BAKARA 33 |
قَالَ
يَا آدَمُ
أَنبِئْهُم
بِأَسْمَآئِهِمْ
فَلَمَّا
أَنبَأَهُمْ
بِأَسْمَآئِهِمْ
قَالَ أَلَمْ
أَقُل
لَّكُمْ
إِنِّي
أَعْلَمُ غَيْبَ
السَّمَاوَاتِ
وَالأَرْضِ
وَأَعْلَمُ
مَا تُبْدُونَ
وَمَا
كُنتُمْ
تَكْتُمُونَ |
33. "Ey Adem,
onlara isimlerini haber ver" diye buyurdu. O da onlara isimlerini haber
verdi. (Allah) buyurdu ki: "Size demedim mi ki gerçekten Ben göklerin ve
yerin gizliliklerini de bilirim, açıkladıklarınızı da gizlediklerinizi de
bilirim?"
Yüce Allah'ın bu
buyruğuna dair açıklamalarımızı beş başlık halinde sunacağız:
1- Eşyanın isimlerini Haber Vermesi:
2- Ayete Göre Bilginin ve Bilginlerin
Fazileti:
3- Melekler mi Daha Faziletlidir,
Ademoğulları mı?:
4- Gayb Bilgisi:
5- Açıklanan ve Gizlenen Şeyleri Allah
Bilir:
1- Eşyanın isimlerini
Haber Vermesi:
"Onlara isimlerini
haber ver" buyruğu ile Yüce Allah, isimleri meleklere arzettikten sonra
eşyanın isimlerini meleklere bildirmesini emretmiştir. Böylelikle meleklerin,
Yüce Allah'ın kendilerine sorduğu şeyler hakkında (Adem'in) daha bilgili
olduğunu bilsinler ve bununla Adem'in faziletine, şanının yüceliğine,
dikkatleri çekilmiş olsun. Yüce Allah, Adem'i meleklerin önüne geçirmek, Adem'e
secde etmelerini sağlamak, onları Adem'in öğrencisi yapmak ve ondan
öğrenmelerini emretmek suretiyle Adem onlardan daha faziletli olmuştur.
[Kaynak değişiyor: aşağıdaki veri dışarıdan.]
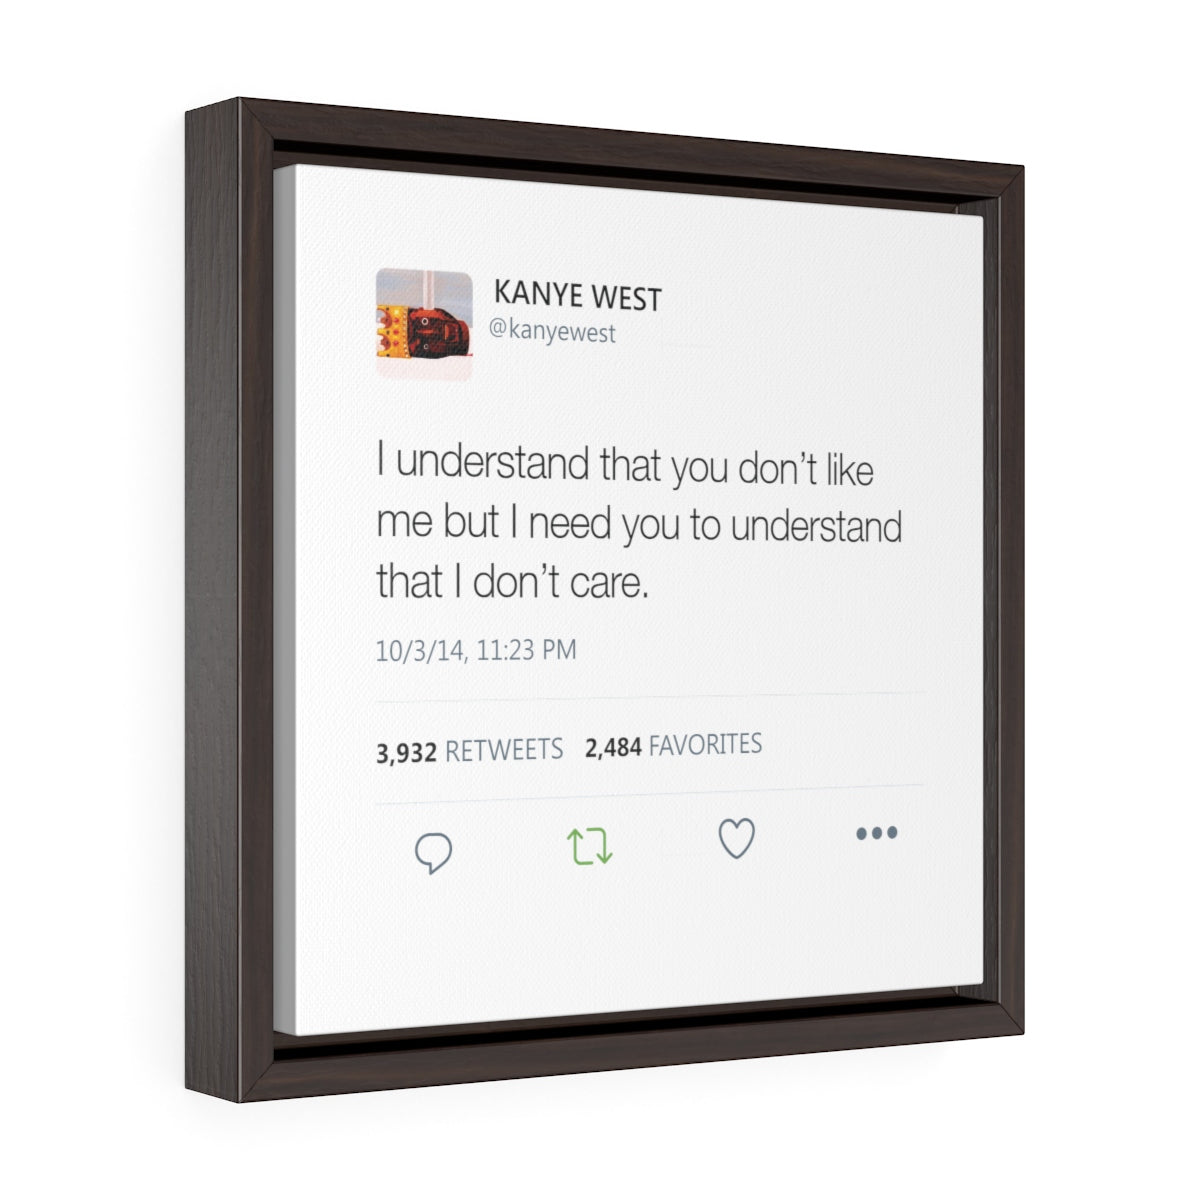 I understand that you don't like me but I need you to understand that I don't care. Kanye West Tweet Quote Square Framed Gallery Wrap Canvas-12″ × 12″-Archethype

Böylelikle Hz. Adem kendisine secde edilmek ve bilginin tahsis edilmesi
suretiyle üstünlük ve büyüklük rütbesini elde etmiş oldu.
2- Ayete Göre Bilginin
ve Bilginlerin Fazileti:
Bu ayet-i kerimede
bilginin ve bilginlerin faziletine delil vardır. Hadis-i şerif te de şöyle
buyurulmuştur: "Melekler, ilim taleb edene hoşnutlukları dolayısıyla
kanatlarını (onun önüne) serer." Yani ona boyun eğip alçak gönüllülük
gösterirler. Yüce Allah'ın diğer kulları arasından özellikle ilim ehline
bunları yapmalarının sebebi, şanı Yüce Allah'ın, Adem (a.s) hakkında melekleri
böyle bir tavır takınmak zorunda bırakmasıdır. Ondan bu yana melekler bu
şekildeki bir davranışı kendilerine bir edep haline getirmişlerdir. İşte bundan
dolayı, melekler ilme ve alimlere tazimleri dolayısıyla ilmin talebine ve
ilimle uğraşmaya razı olduklarından dolayı bir insanın bilgi sahibi olduğunu
gördükleri vakit, o kimseye karşı alçak gönüllülük gösterir, boyun eğer ve
tezellül gösterirler. İnsanlar arasından ilim taliplerine karşı durumları bu
olduğuna göre ya gerçekten büyük ilim sahiplerine ve aralarından rabbani
olanlara karşı tavırları ne olur? Allah, bizleri bunlardan kılsın, bunlar
arasında bulundursun. Şüphesiz ki O, büyük bir lütuf sahibidir.
3- Melekler mi Daha
Faziletlidir, Ademoğulları mı?:
Burdan hareketle ilim
adamları: Melekler mi daha faziletlidir, yoksa Ademoğulları mı daha
faziletlidir, hususunda iki farklı görüşe sahip olmuşlardır.
Bir kesime göre,
insanların arasındaki Resuller, meleklerin Resullerinden üstündür. İnsanların
velileri, meleklerin velilerinden üstündür.
Diğer bir kesime göre
Mele-i A'la daha üstündür. Melekleri daha üstün kabul edenler, Yüce Allah'ın şu
buyruklarını delil gösterirler: "Melekler''- Allah'ın mükerrem kullarıdır.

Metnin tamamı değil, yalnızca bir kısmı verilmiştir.